Everything about a miscarriage is painful. Cramps and contractions came in waves across my abdomen and back. I was dizzy and weak and so very tired. Mentally, I was in anguish and struggling to comprehend my new reality. Emotionally, I was devastated and exhausted from hours of sobbing over my child’s lost life. Then, there’s the guilt- guilt for absolutely losing it over a six week miscarriage, guilt for possibly not “losing it” enough, and eventually guilt for getting up and getting dressed again, smiling again, maybe even laughing again. There was so much guilt and grief and heartache. There were so many tears and so much sobbing. There were so many moments of wondering how much more my heart could take.
Six weeks may not seem like long. I only knew for three weeks before my baby was gone, but it was long enough. It was long enough for love at first positive sign, long enough to dream of the future, long enough to think of baby names and plan out a nursery, long enough to buy a big brother t-shirt, and long enough to love my baby wholeheartedly and be forever connected. It was long enough to be completely wrecked at the first sign of spotting and the sinking feeling in my gut that something wasn’t quite right.
It seems like a slap in the face when, on top of the emotional trauma of losing a child, you have to undergo the extremely painful physical process of a miscarriage, but somehow the pain often felt like a welcome distraction from the hurt inside. My eyes and my head ached from the restless nights and hours of crying. One week of miscarrying felt like a long time to drag out the inevitable. Then, there’s the pain after the fact-calling your doctor to cancel your next appointment, getting the big brother T-shirt in the mail, finally getting a negative test result, and recovering from your body’s exhaustion from the enormous task it just underwent.

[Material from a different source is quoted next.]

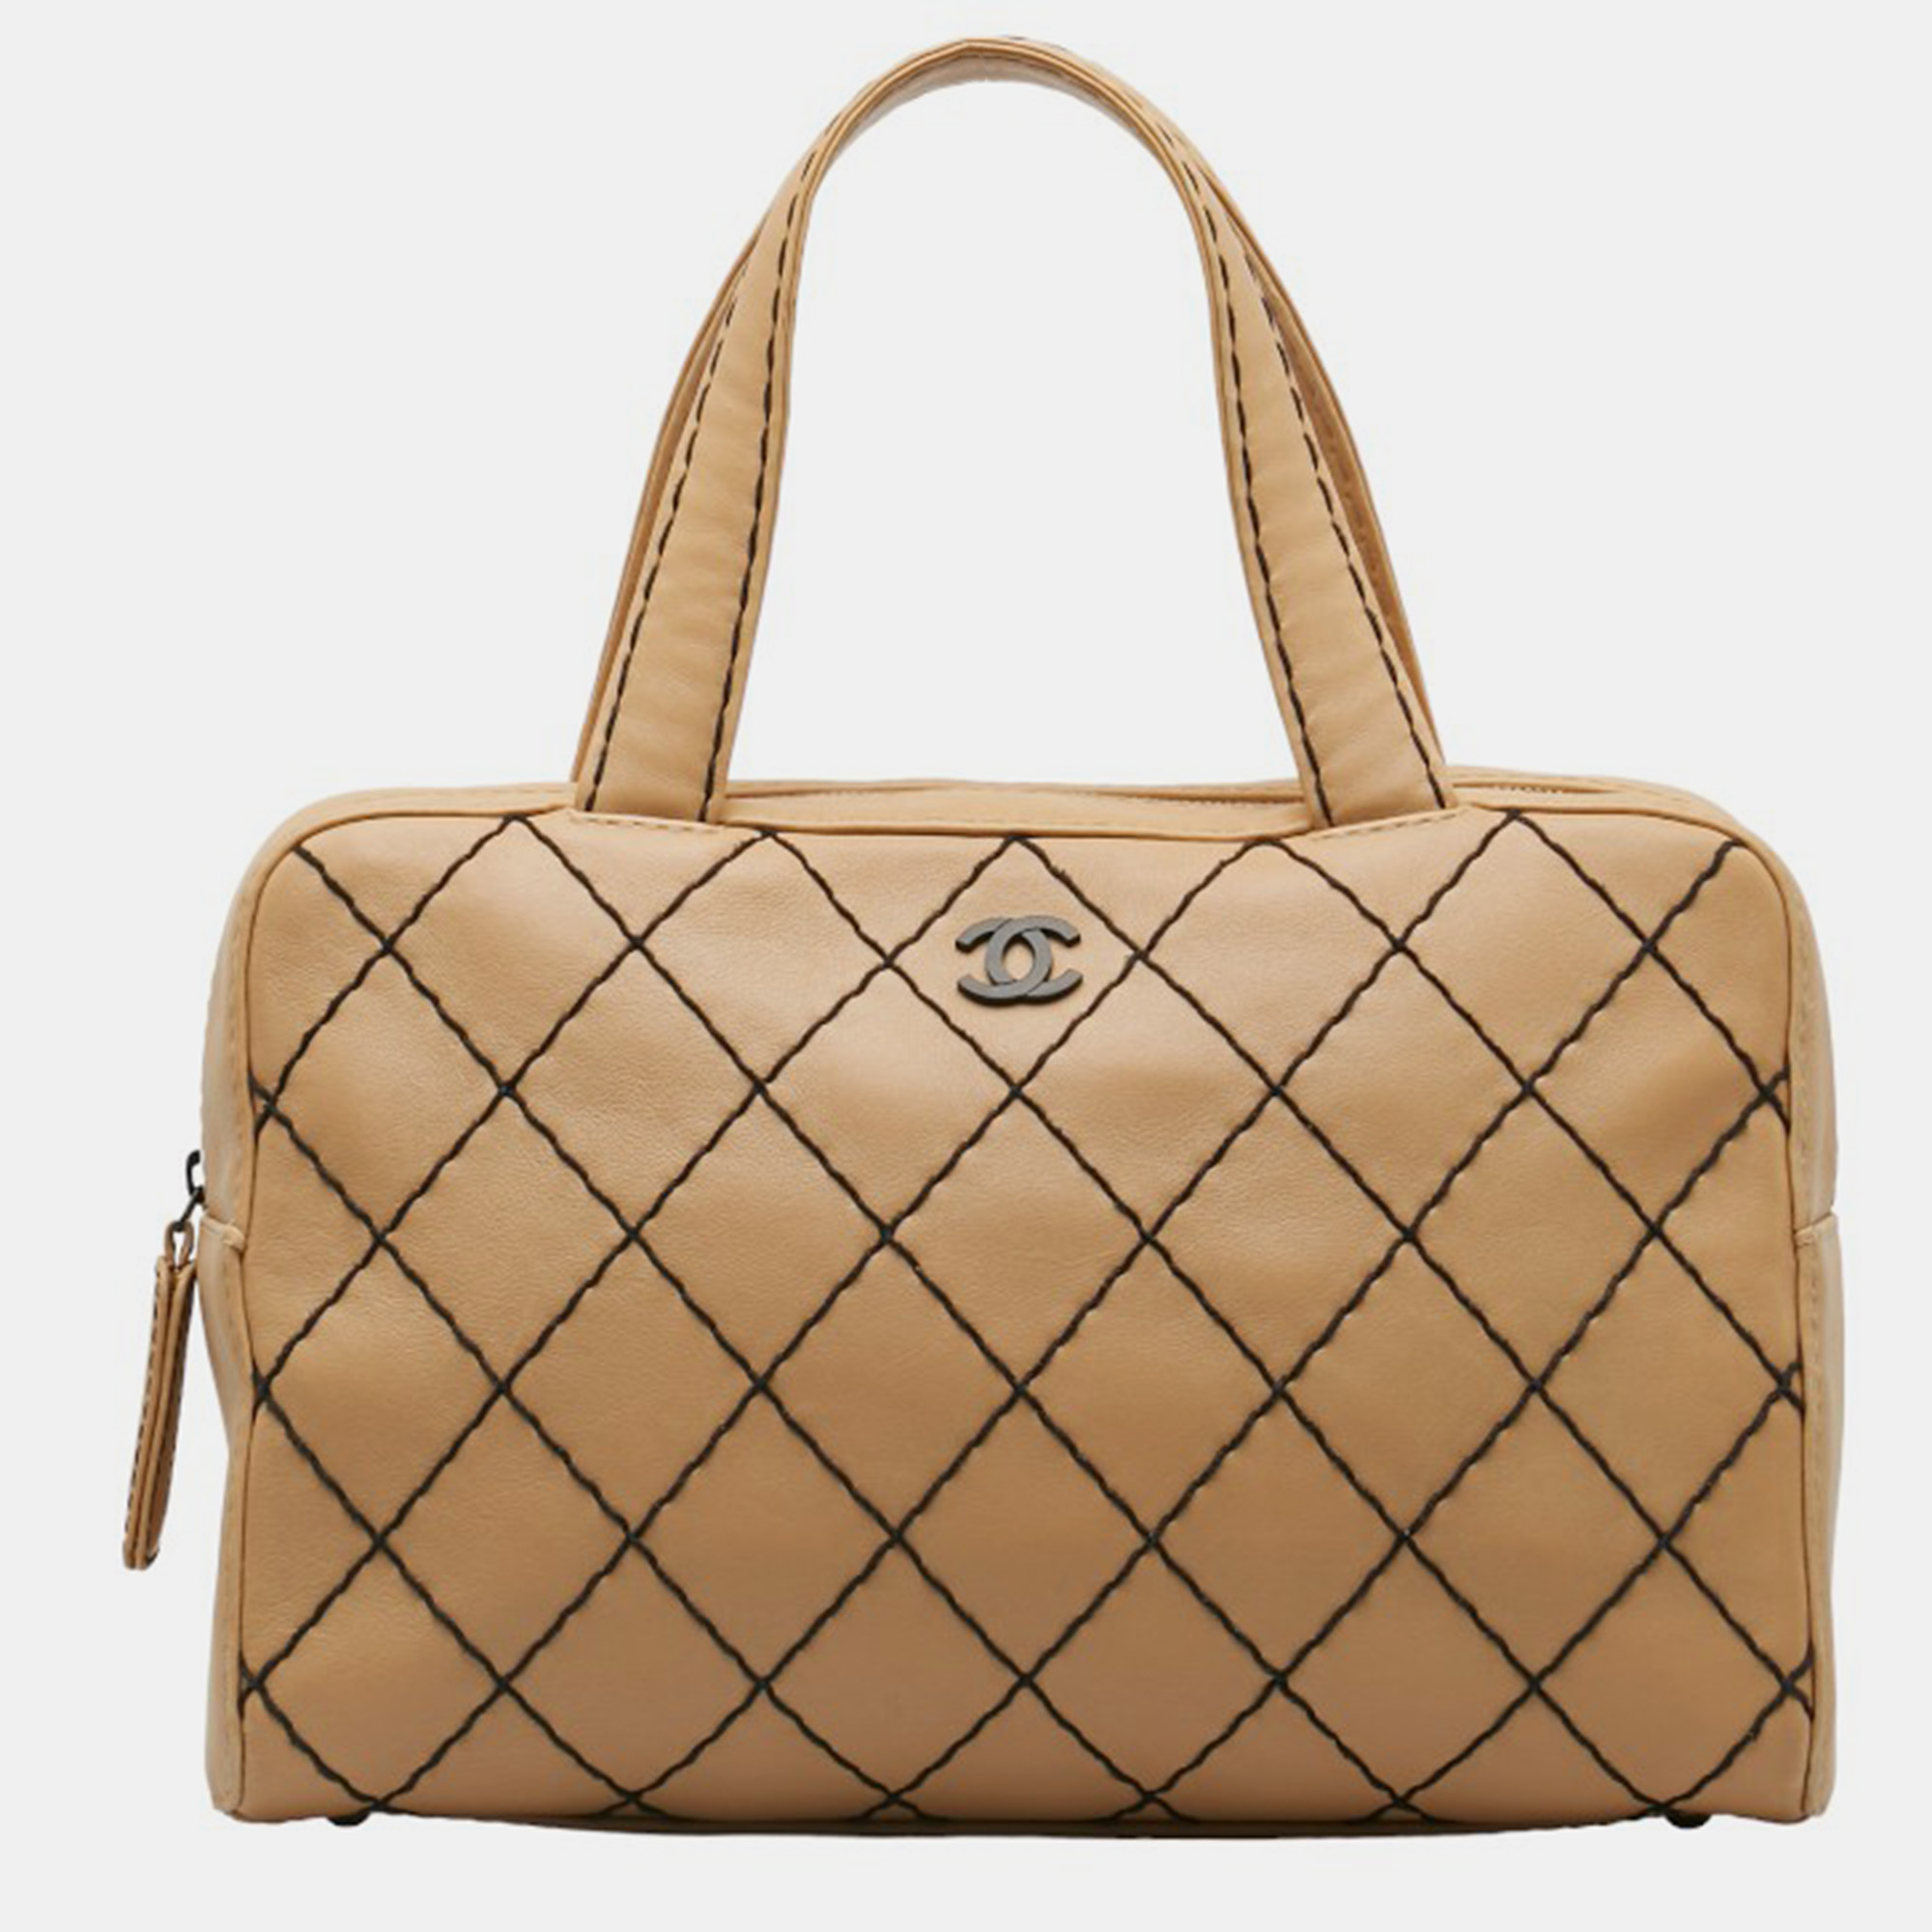 Chanel brown leather wild stitch handbag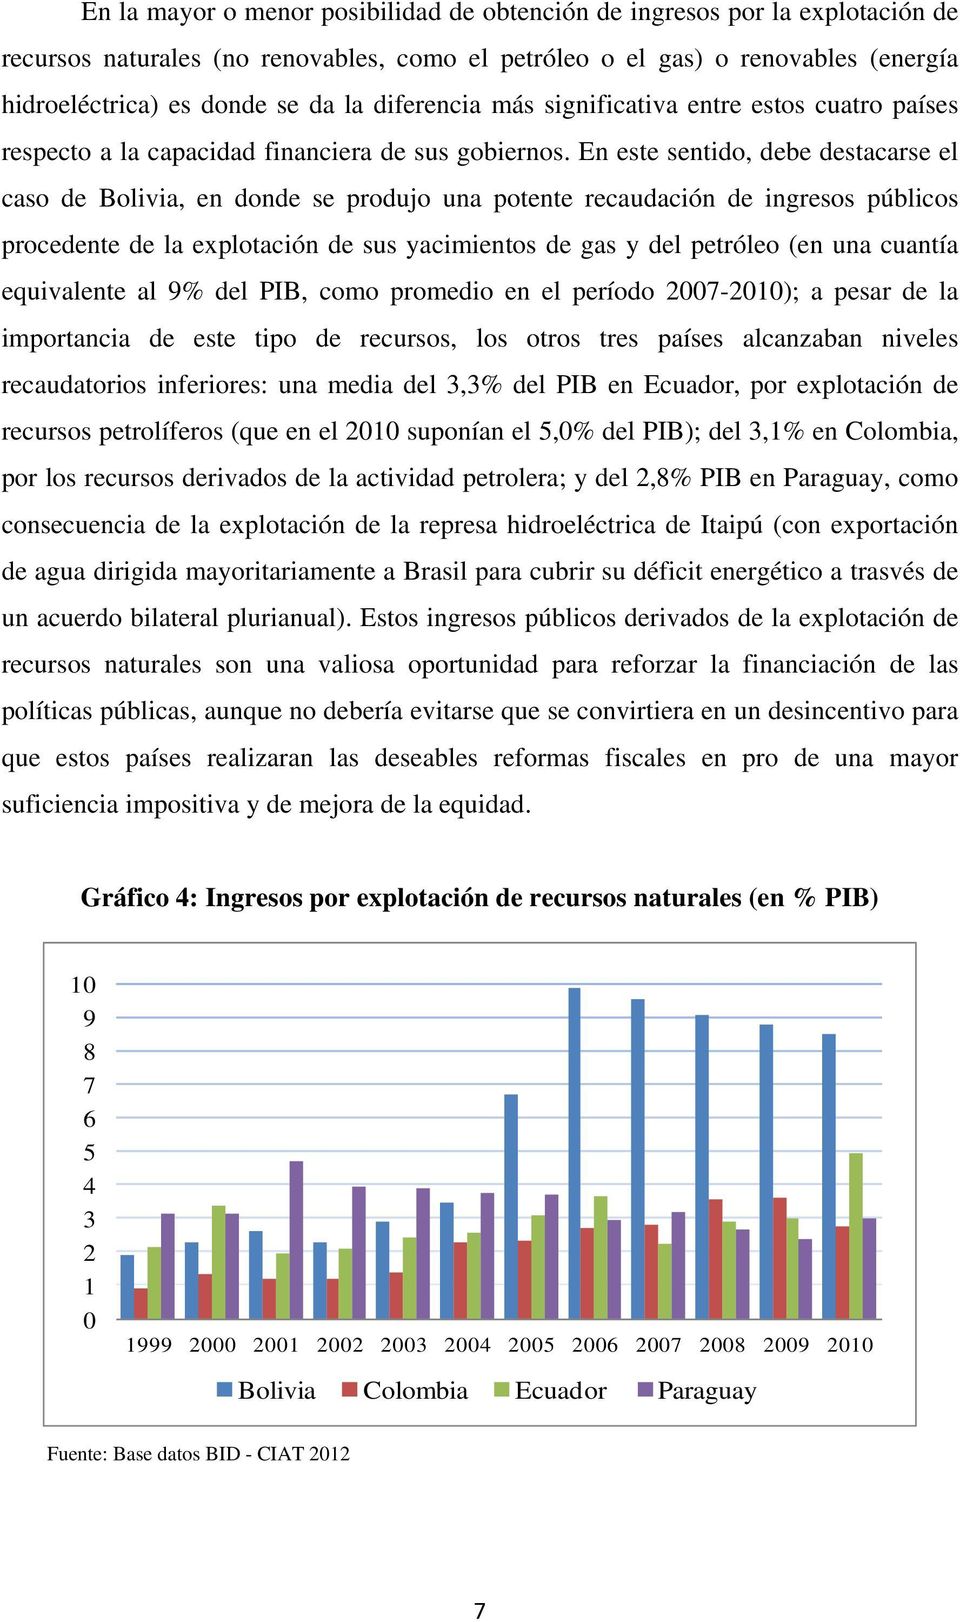 En este sentido, debe destacarse el caso de Bolivia, en donde se produjo una potente recaudación de ingresos públicos procedente de la explotación de sus yacimientos de gas y del petróleo (en una

Pardon my language, but miscarriage sucks. It sucks the life right out of you. It sucks the hope and joy from your heart, at least momentarily. Strangely, in spite of all of that, there were blessings even in this tragedy. A few days into my miscarriage, my sister’s childhood best friend offered to meet me on a Saturday morning to perform an ultrasound and confirm or deny whether I was miscarrying. She hasn’t seen my sister in twenty-five years, but she dropped everything to get me answers. I’m still in disbelief and am so grateful. There’s some peace in knowing the truth instead of having uncertainty hang over your head for days. Friends and family took care of me through calls, texts, cards, meals, and little surprises in the mail. Most importantly, by the grace of God, I didn’t experience anger. I wasn’t angry with God and still am not, and I completely attribute that to God’s grace. It is my biggest blessing from this experience. I have felt heartbroken, devastated, and destroyed emotionally, but never angry. I don’t understand why this happened, but I’ve come to terms with the fact that I don’t have to understand. I know, however, that even if I had felt angry that God would have walked me through that too. A couple of verses have brought me comfort during this time:
“Then Job arose and tore his robe and shaved his head and fell on the ground and worshiped. And he said, ‘Naked I came from my mother’s womb, and naked shall I return. The Lord gave, and the Lord has taken away; blessed be the name of the Lord.’ In all this Job did not sin or charge God with wrong.” Job 1:20-22 ESV
“‘All flesh is like grass and all its glory like the flower of grass. The grass withers, and the flower falls, but the word of the Lord remains forever.’ And this word is the good news that was preached to you.” 1 Peter 1:24-25 ESV
Despite its pain, this season has reminded me of God’s sovereignty and goodness. It’s reminded me that He is worthy of honor and glory and praise, despite my circumstances. His goodness doesn’t waver. He is the same yesterday, today, and forever, so I will praise Him and trust Him. I’m reminded that my hope is not in this life but in the Gospel of Jesus Christ and in an eternity in His presence. There may be loss and grieving in this life, but we can find joy and peace in the unmerited gift of salvation.
I’m now one in four, but I’m still a mama to two precious children. My son is still a big brother. I’m proud to be mama to two sweet babes, and I won’t shy away from that truth because it’s uncomfortable to talk about. In fact, I think it’s something that should be talked about more. I’ve found so much encouragement and healing in reading other godly women’s stories, and it’s my prayer that my story would encourage other hearts. I’m so thankful that God chose me to carry our sweet baby even if it was for such a short time, and I eagerly look forward to embracing my child in heaven.